▸ **Dataset extract**:
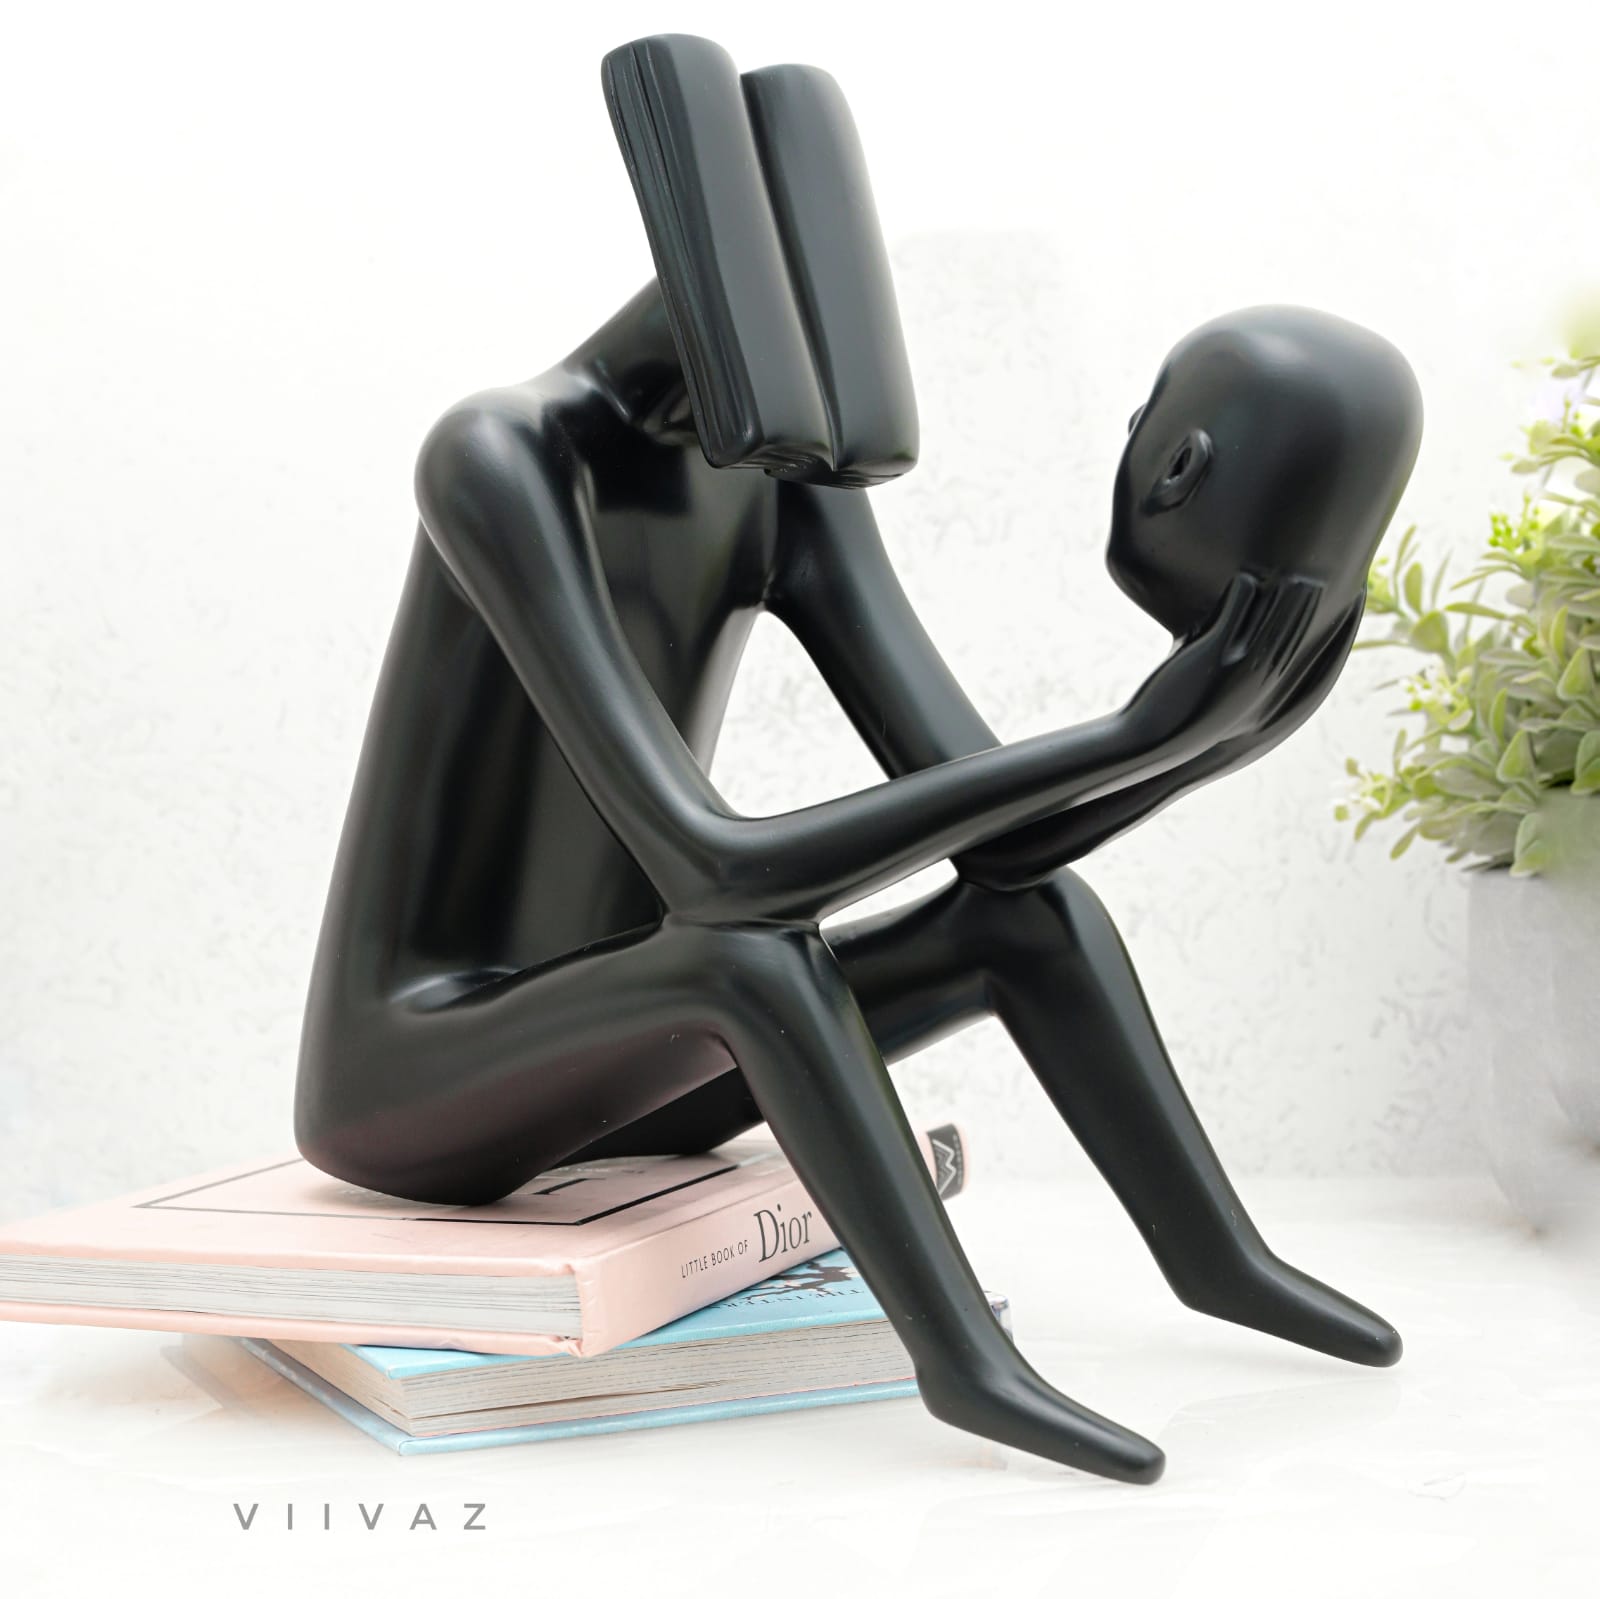 Abstract Man Reading a book sculpture-VIIVAZ
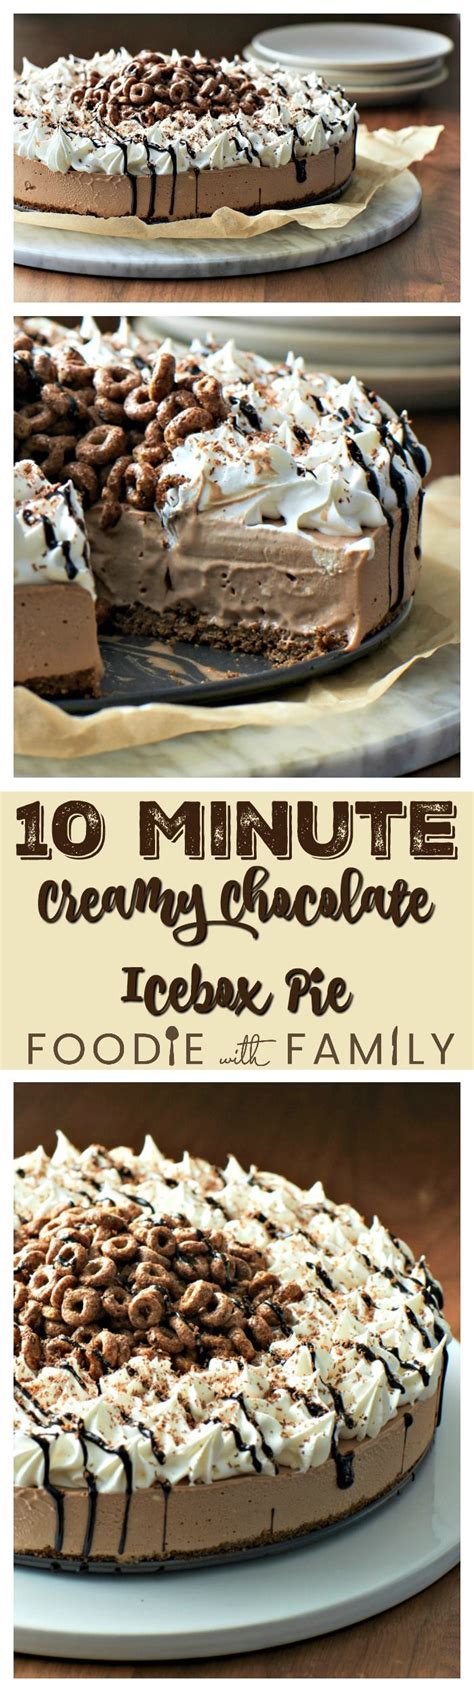 Minute Creamy Chocolate Icebox Pie Is As Impressive Tasting As It Is
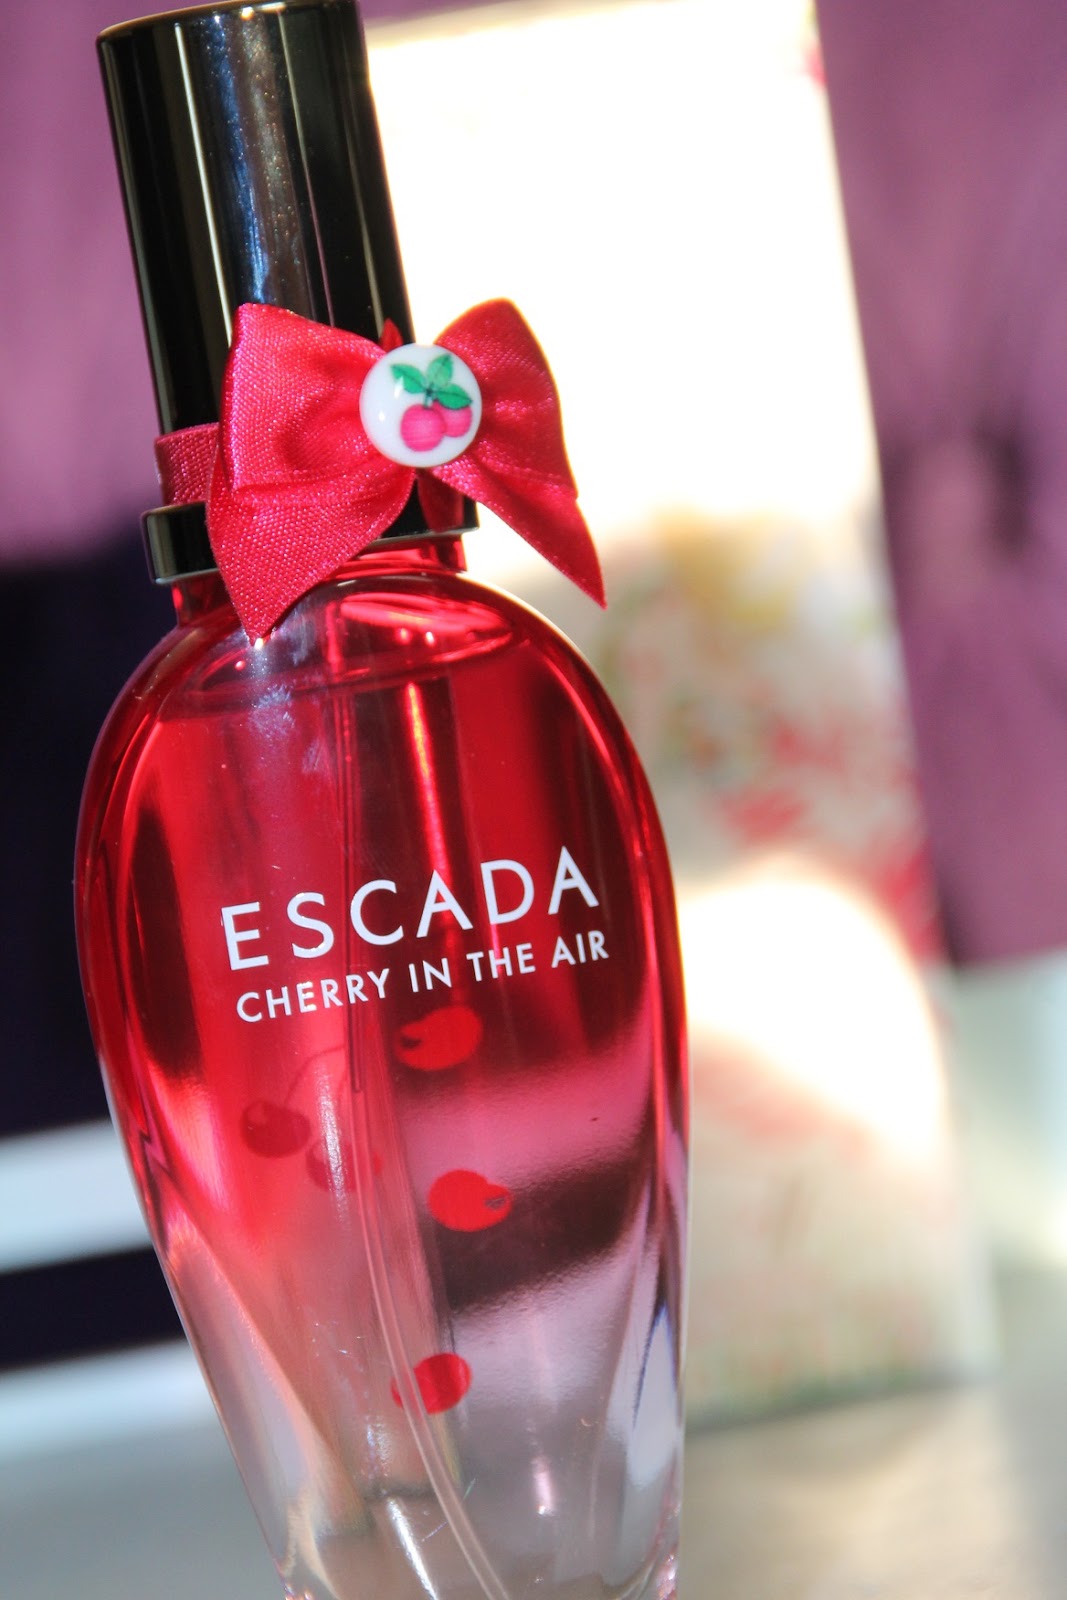 Crystal's Reviews: Escada Cherry in the air

▸ **What is expected**: Produce an exact copy of the lines from the line with "Minute Creamy Chocolate" through the last line of the data above, both ends included. No pictures belong in it.

▸ **Answer for this exercise**:
 Minute Creamy Chocolate Icebox Pie Is As Impressive Tasting As It Is
 Crystal's Reviews: Escada Cherry in the air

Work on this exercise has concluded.